- [Assignment]:
Without the pictures, output the lines of the material from the very first through the one that holds "3D model Antique".

[Data provided — start]

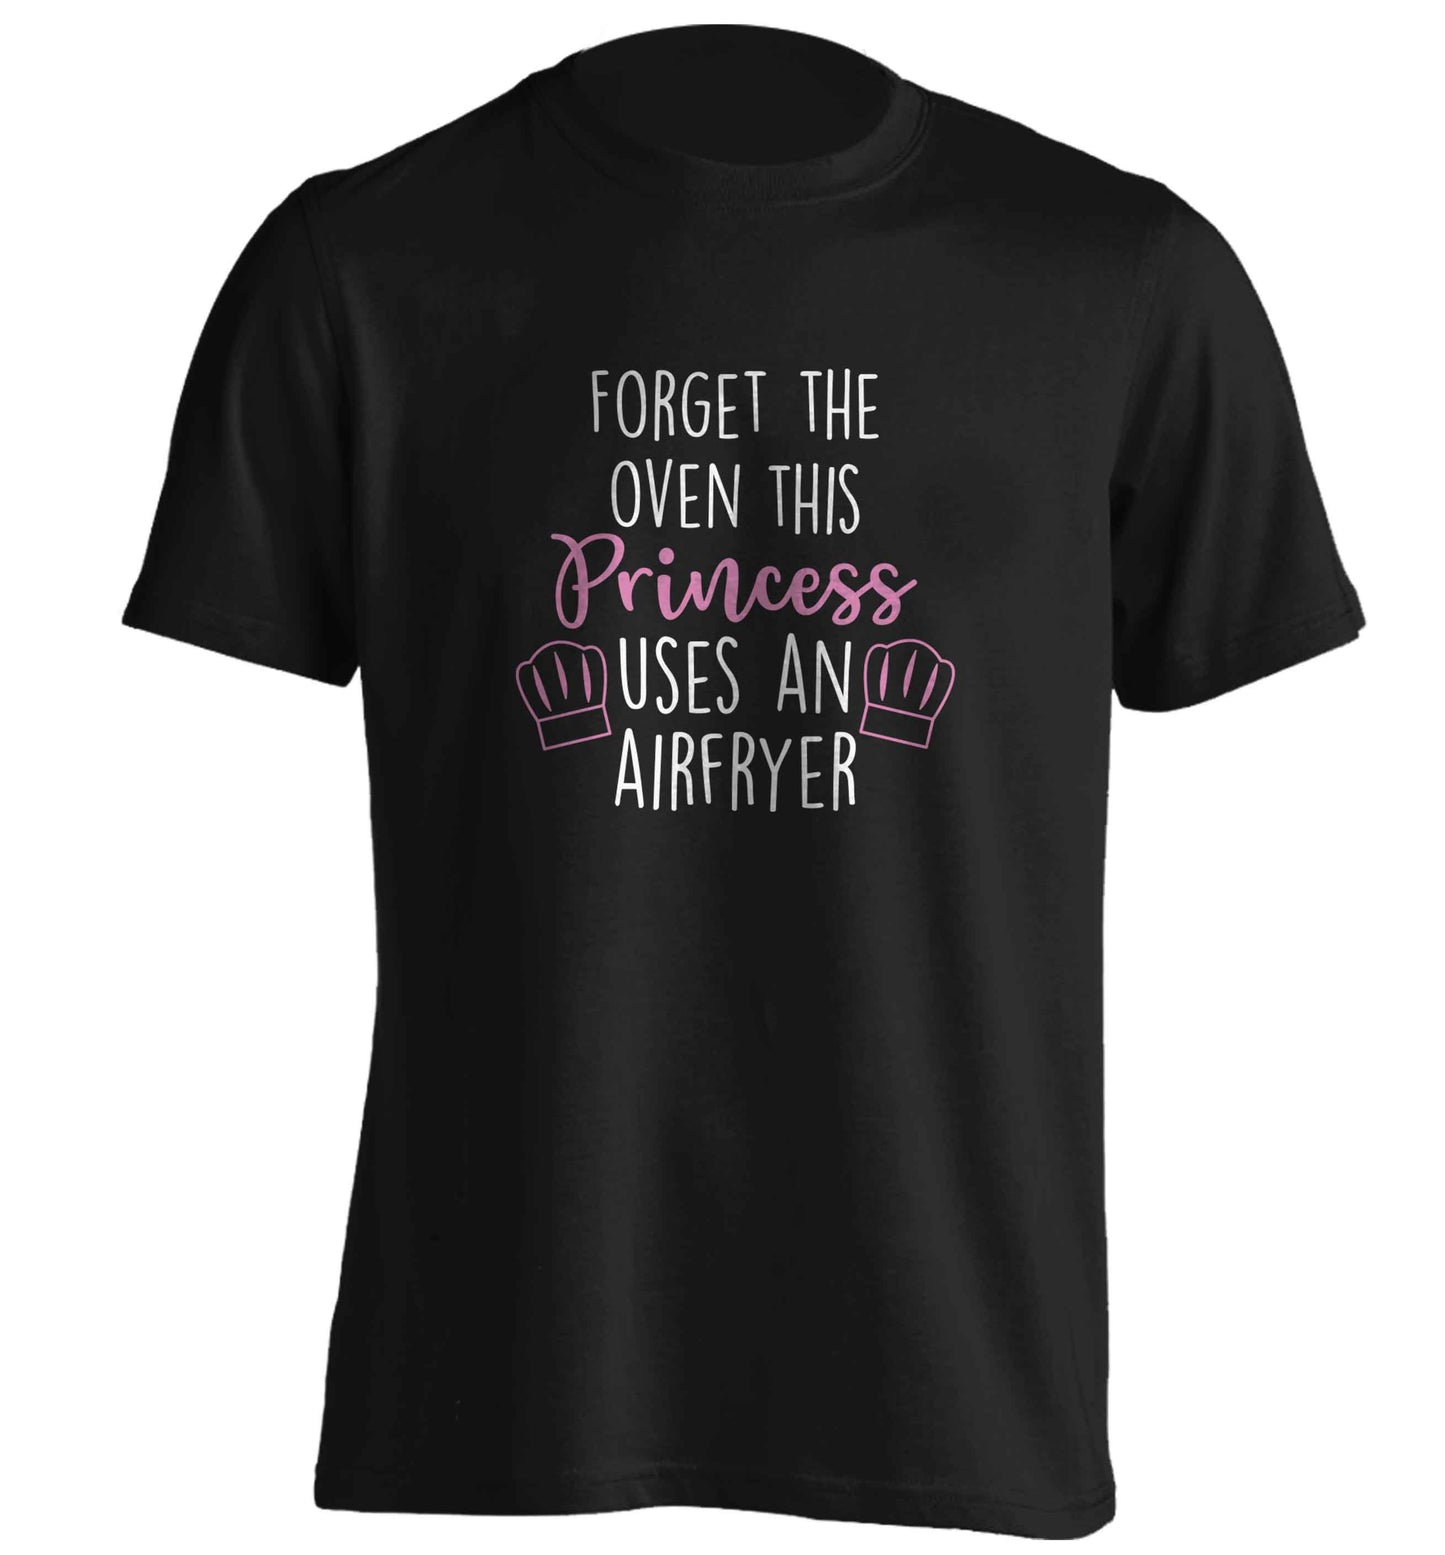 Forget the oven this princess uses an airfryeradults unisex black Tshirt 2XL
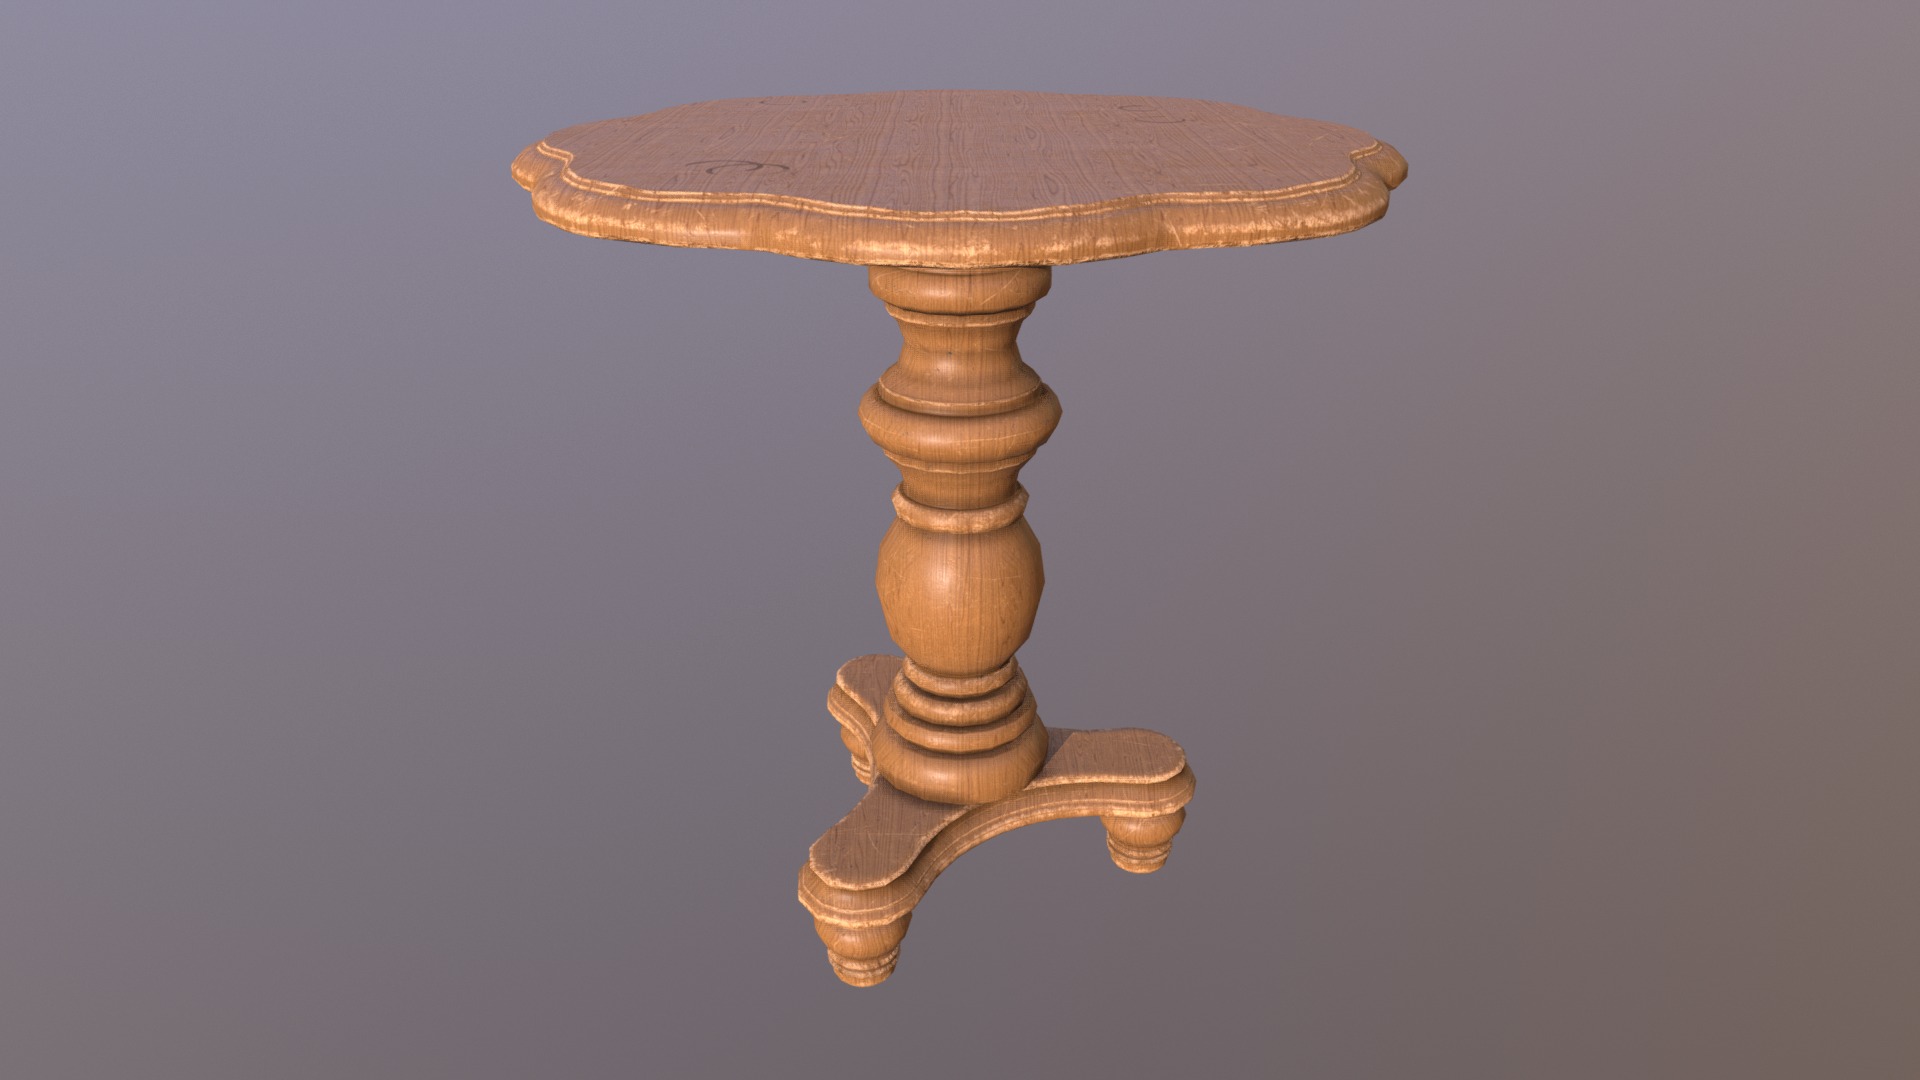 3D model Antique Round Wooden Table #001 - This is a 3D model of the Antique Round Wooden Table #001. The 3D model is about a wooden table with a top.
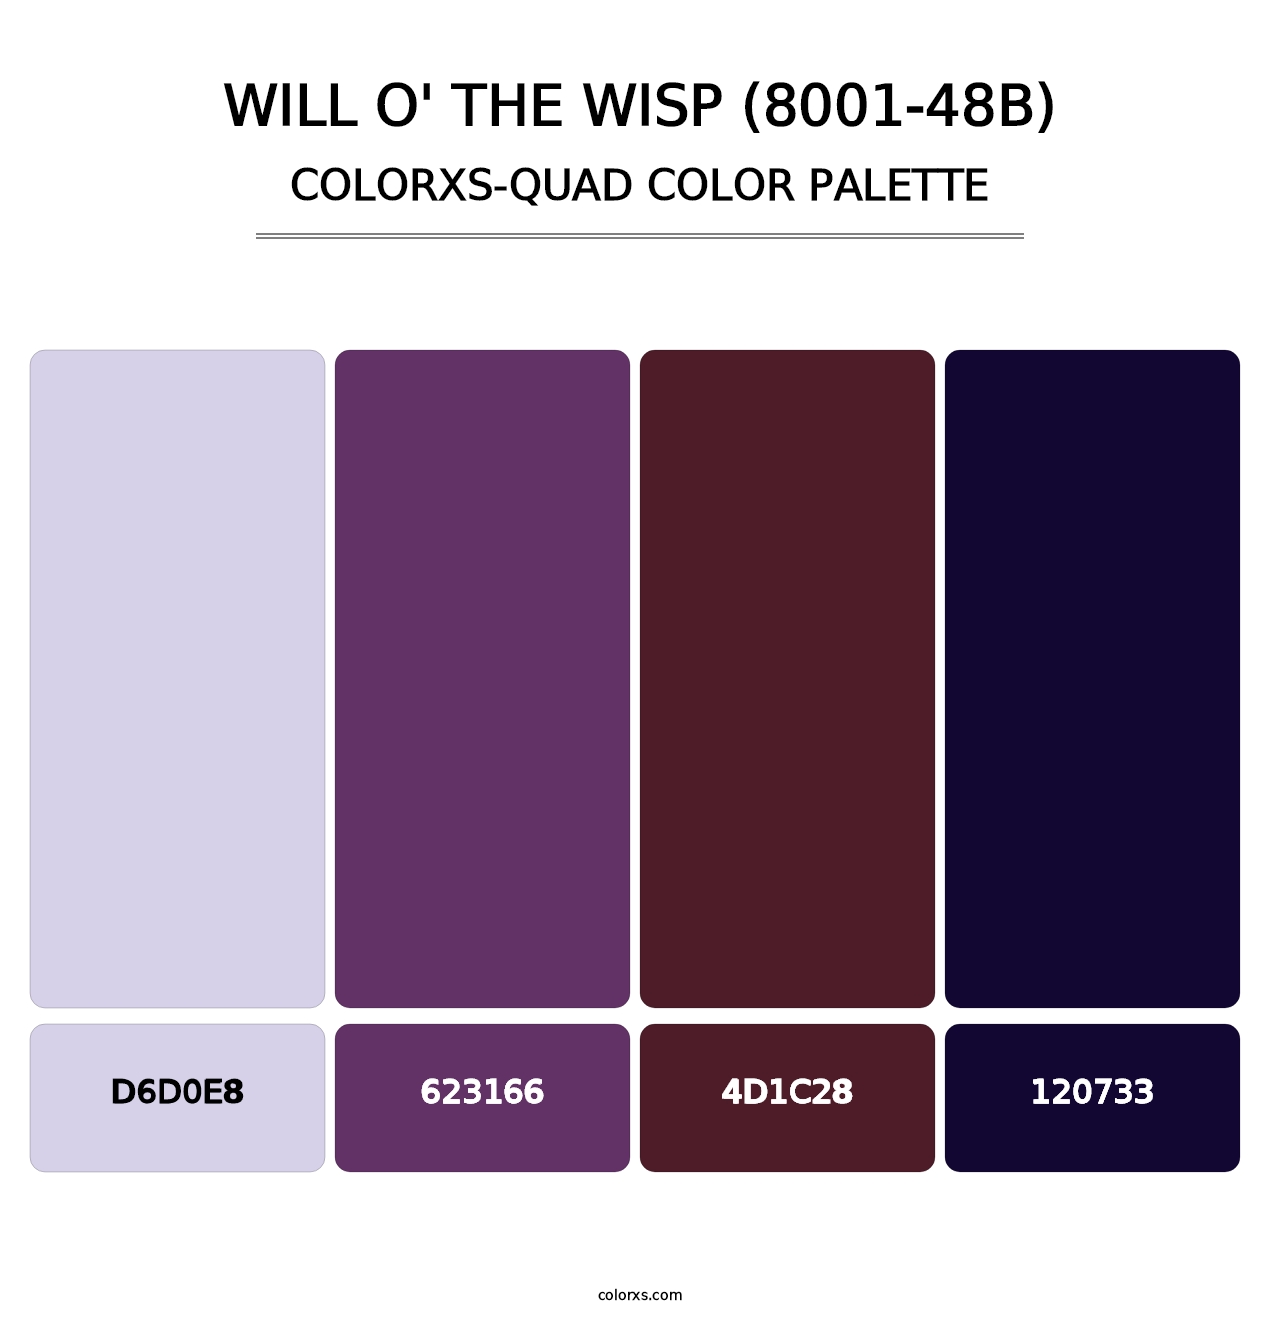 Will o' the Wisp (8001-48B) - Colorxs Quad Palette
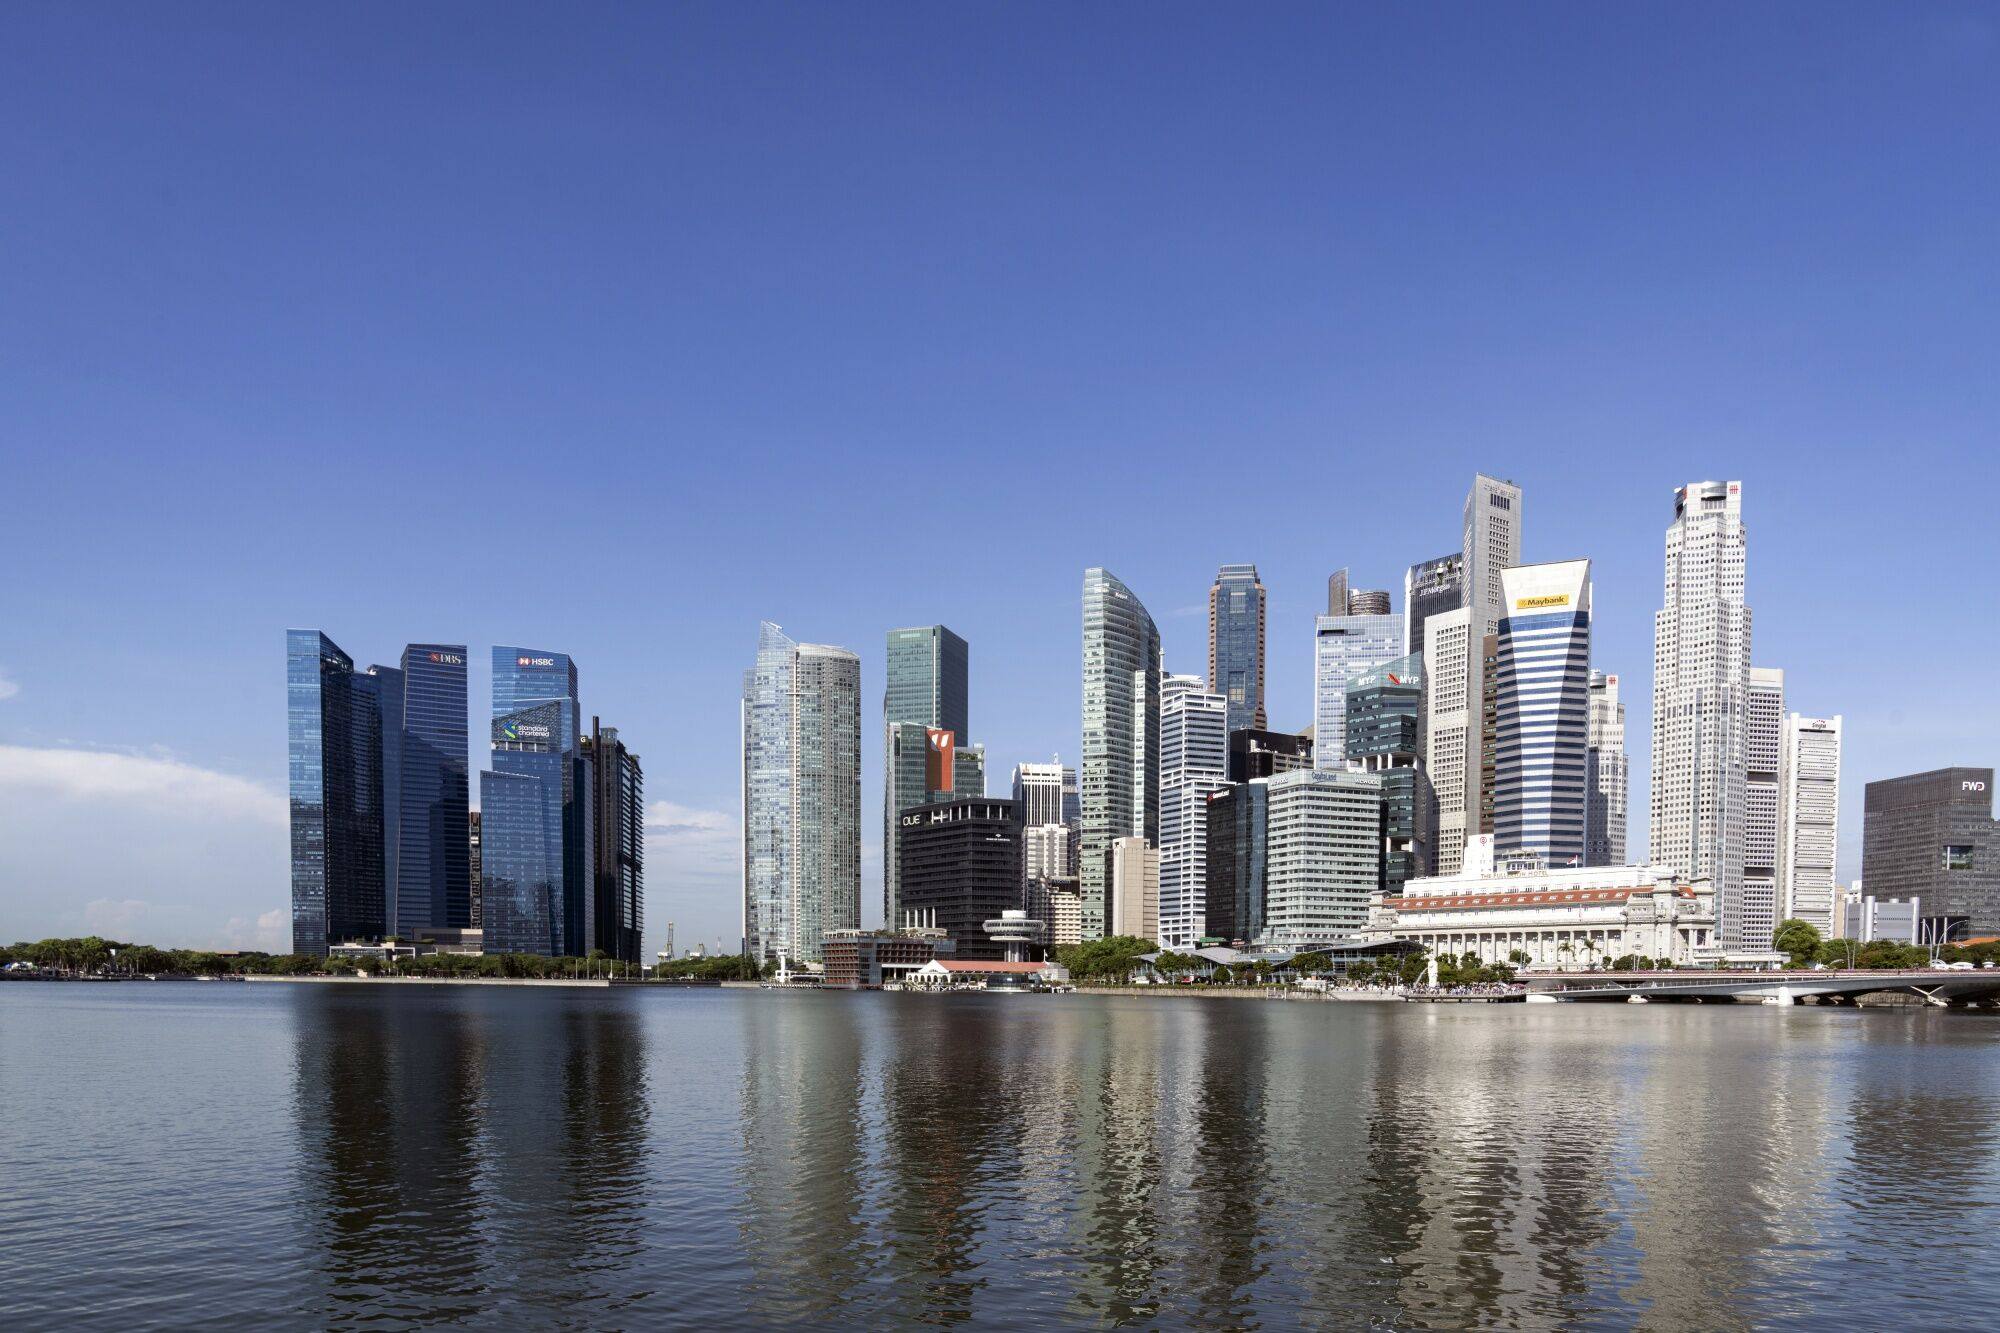 Singapore’s skyline. A man was sentenced to two years’ jail for ill-treating his child. Photo: Bloomberg

[Data provided — finish]

- [Finished exercise]:
 Forget the oven this princess uses an airfryeradults unisex black Tshirt 2XL
 3D model Antique Round Wooden Table #001 - This is a 3D model of the Antique Round Wooden Table #001. The 3D model is about a wooden table with a top.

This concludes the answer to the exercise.